--- PROBLEM ---
Print the listing below again, exactly. Skip the pictures.

--- GIVEN INFORMATION ---
=-=-=-=-=

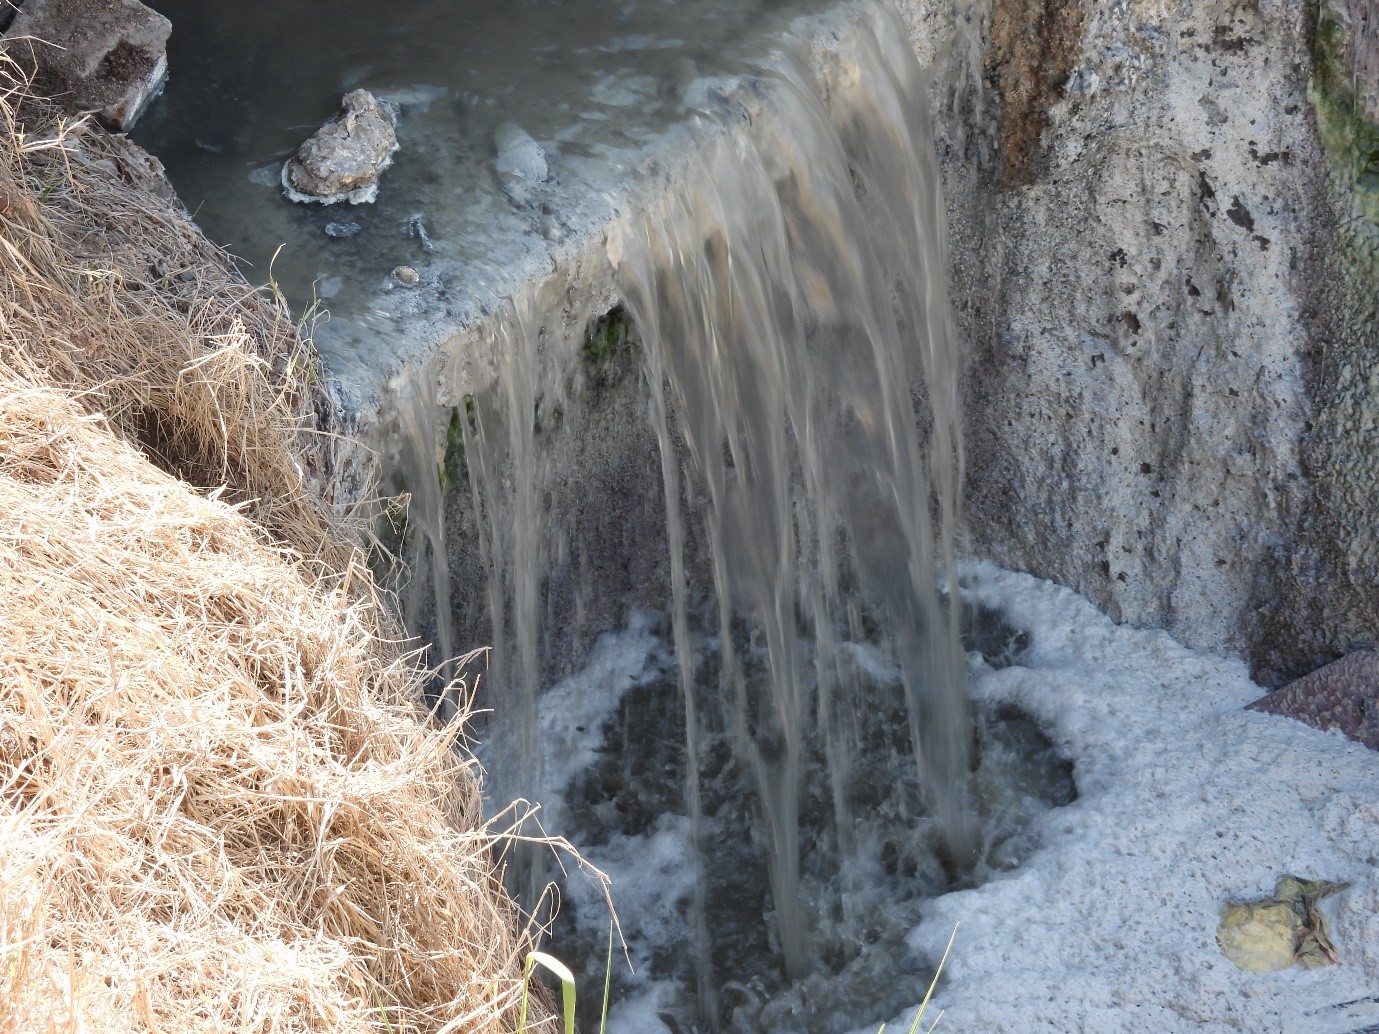 Uno de los vuelcos en el río Reconquista. Los estudios detectaron acumulación de espuma blanca, olor nauseabundo y temperatura elevada. - Foto: Fiscalía Federal de Moreno.
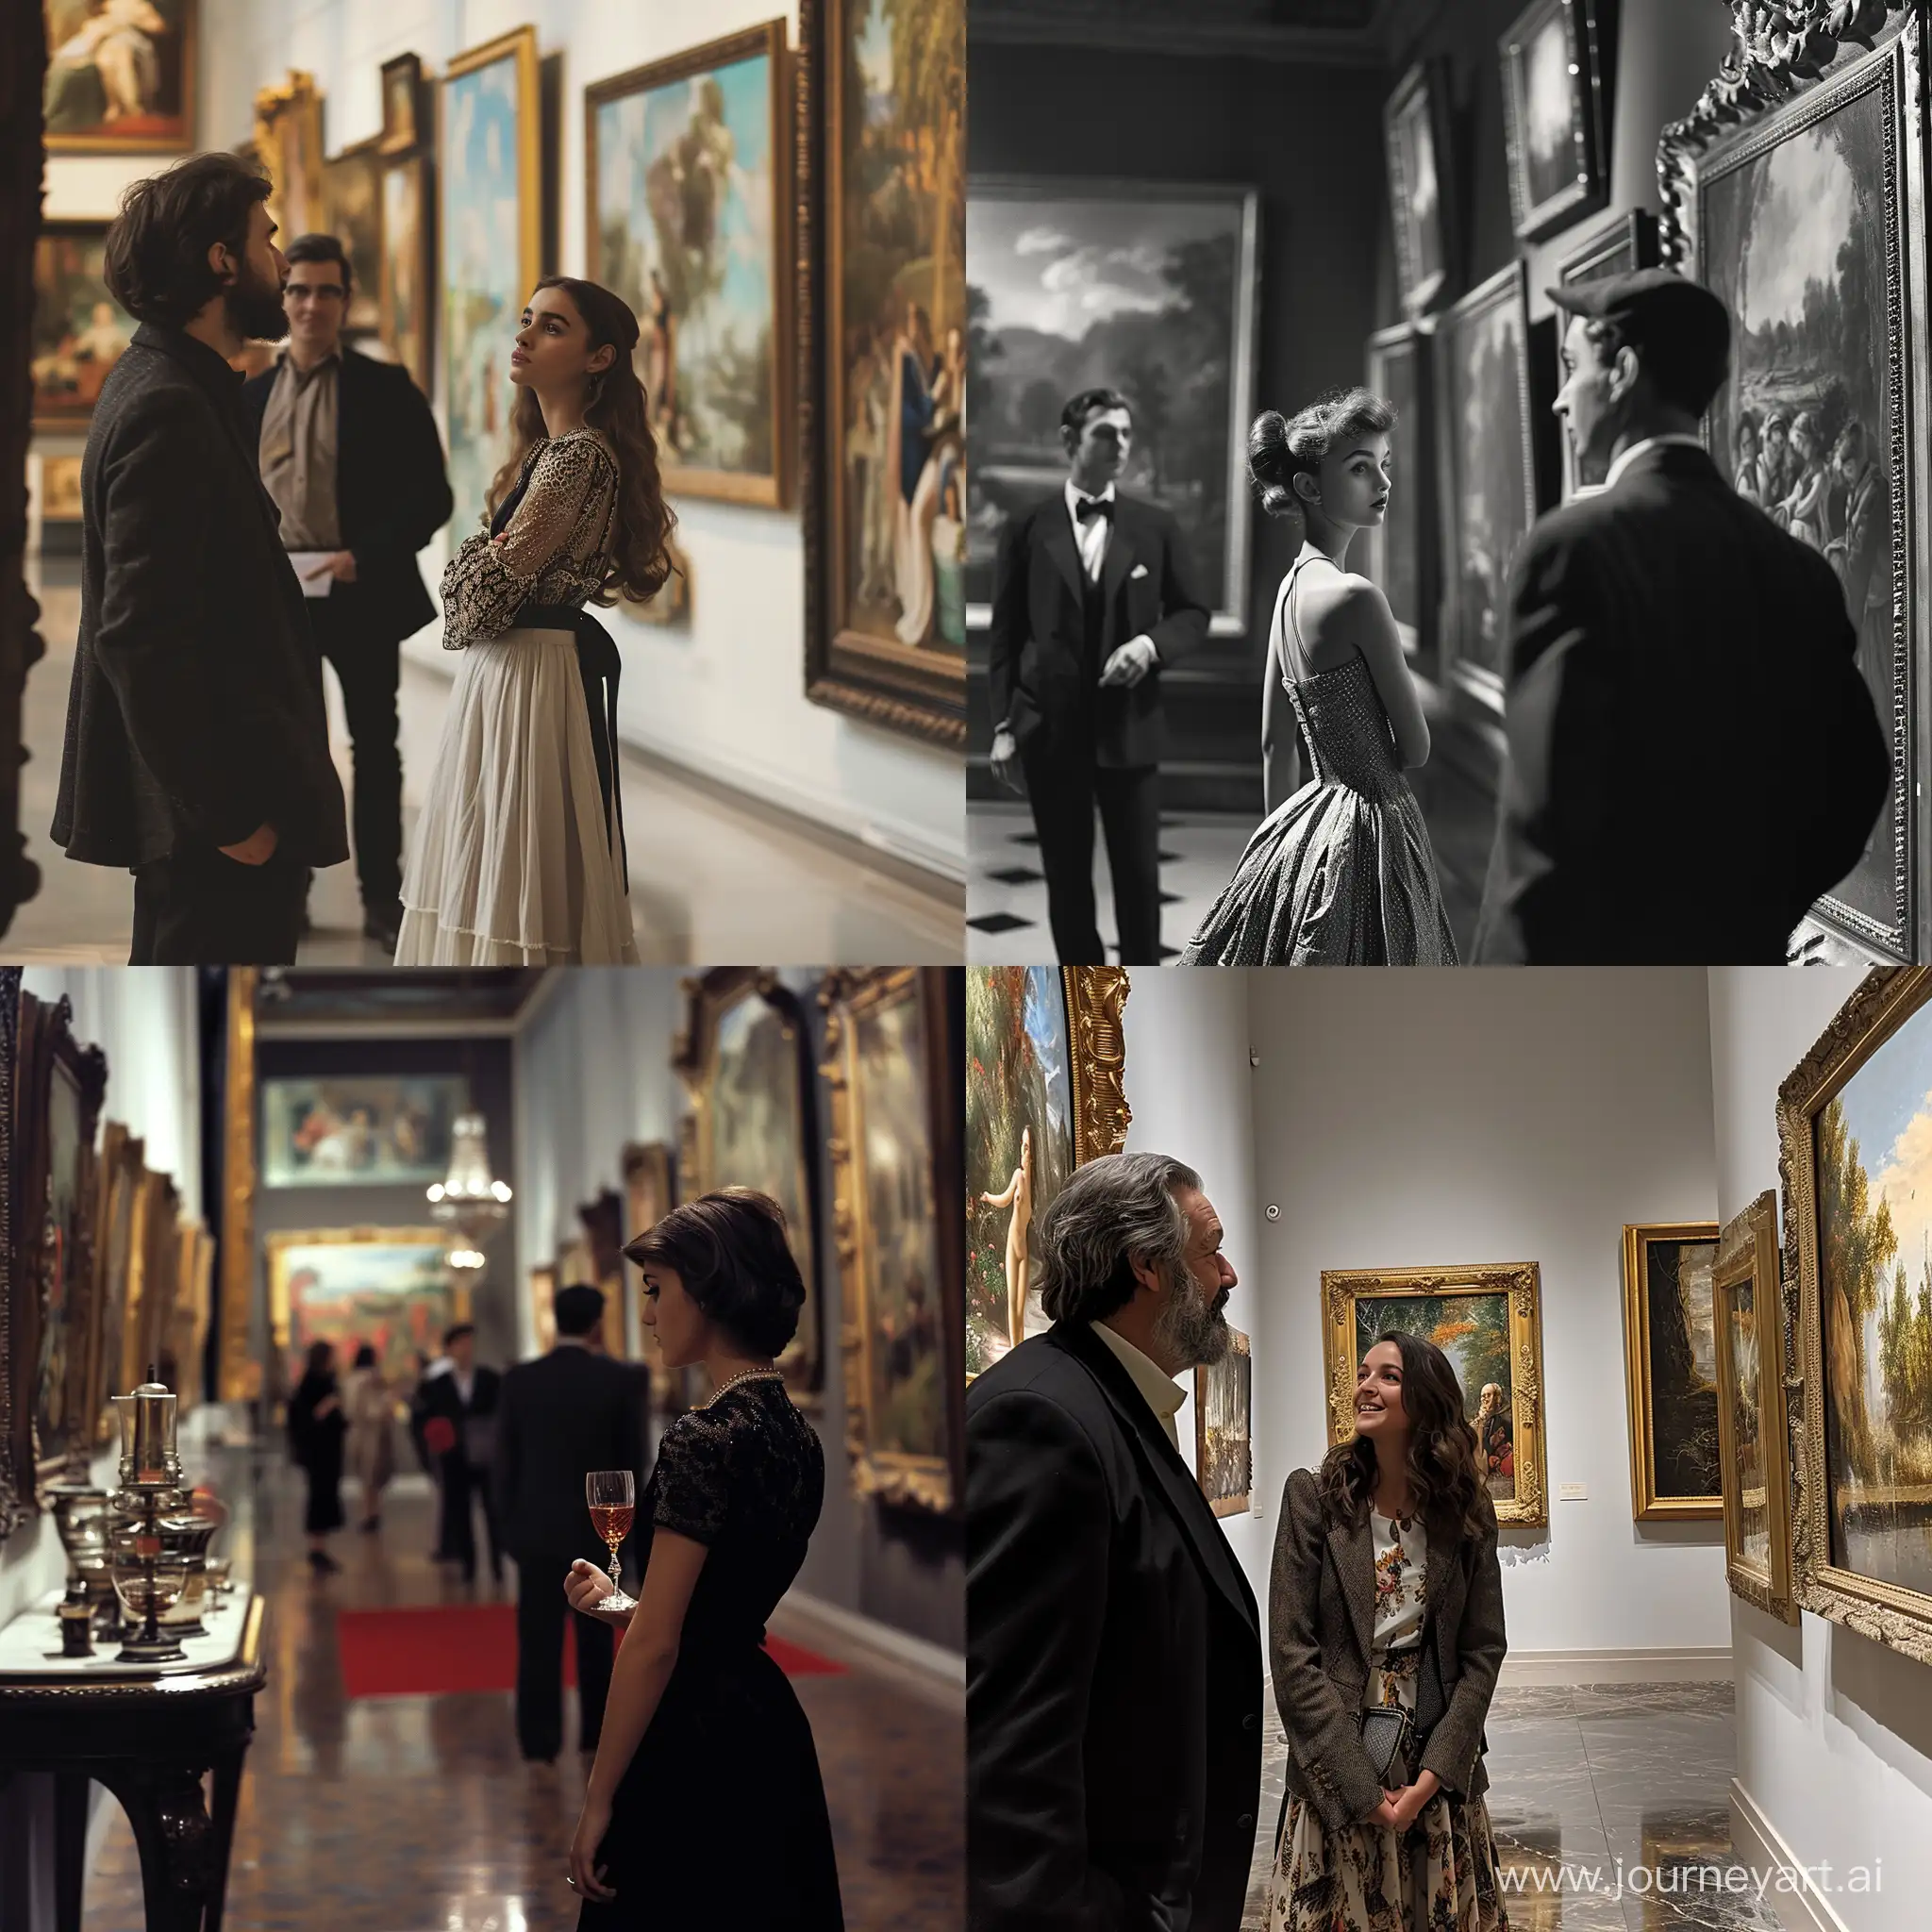 фото изящной девушки в картинной галлерее рядом с красивой живописью и богатым мужчиной
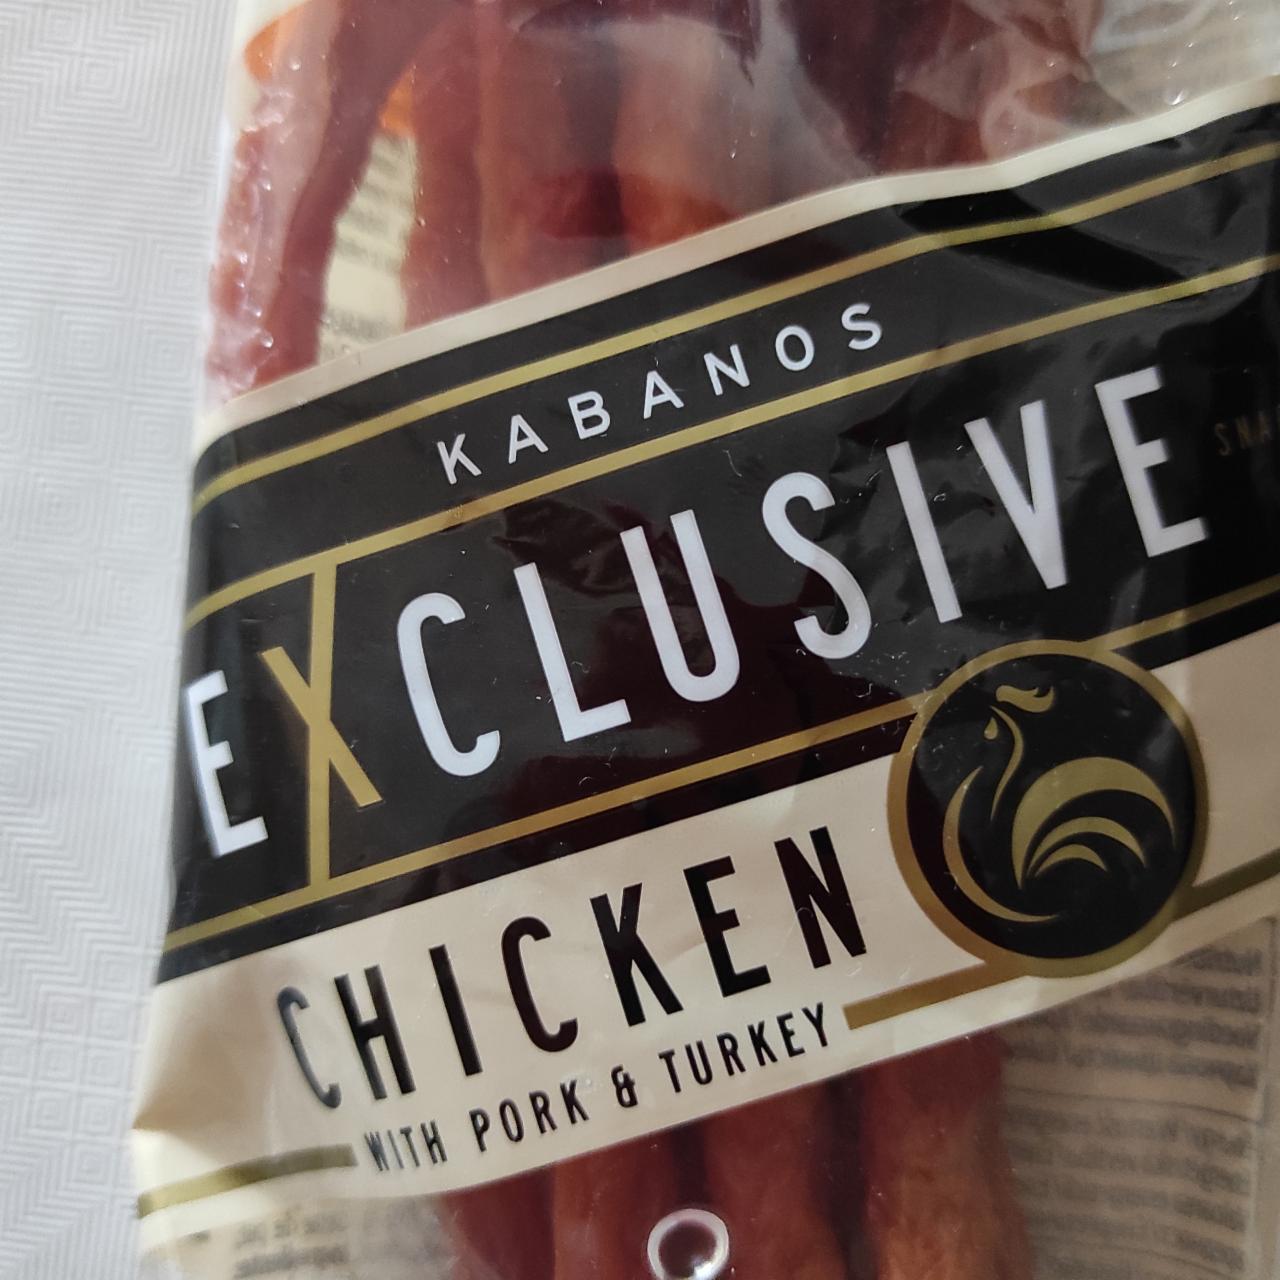 Фото - Кабаносы Chicken With Pork & Turkey Exclusive Kabanos

=-=-=-=-=

--- TASK SOLUTION ---
 Uno de los vuelcos en el río Reconquista. Los estudios detectaron acumulación de espuma blanca, olor nauseabundo y temperatura elevada. - Foto: Fiscalía Federal de Moreno.
 фото изящной девушки в картинной галлерее рядом с красивой живописью и богатым мужчиной
 Фото - Кабаносы Chicken With Pork & Turkey Exclusive Kabanos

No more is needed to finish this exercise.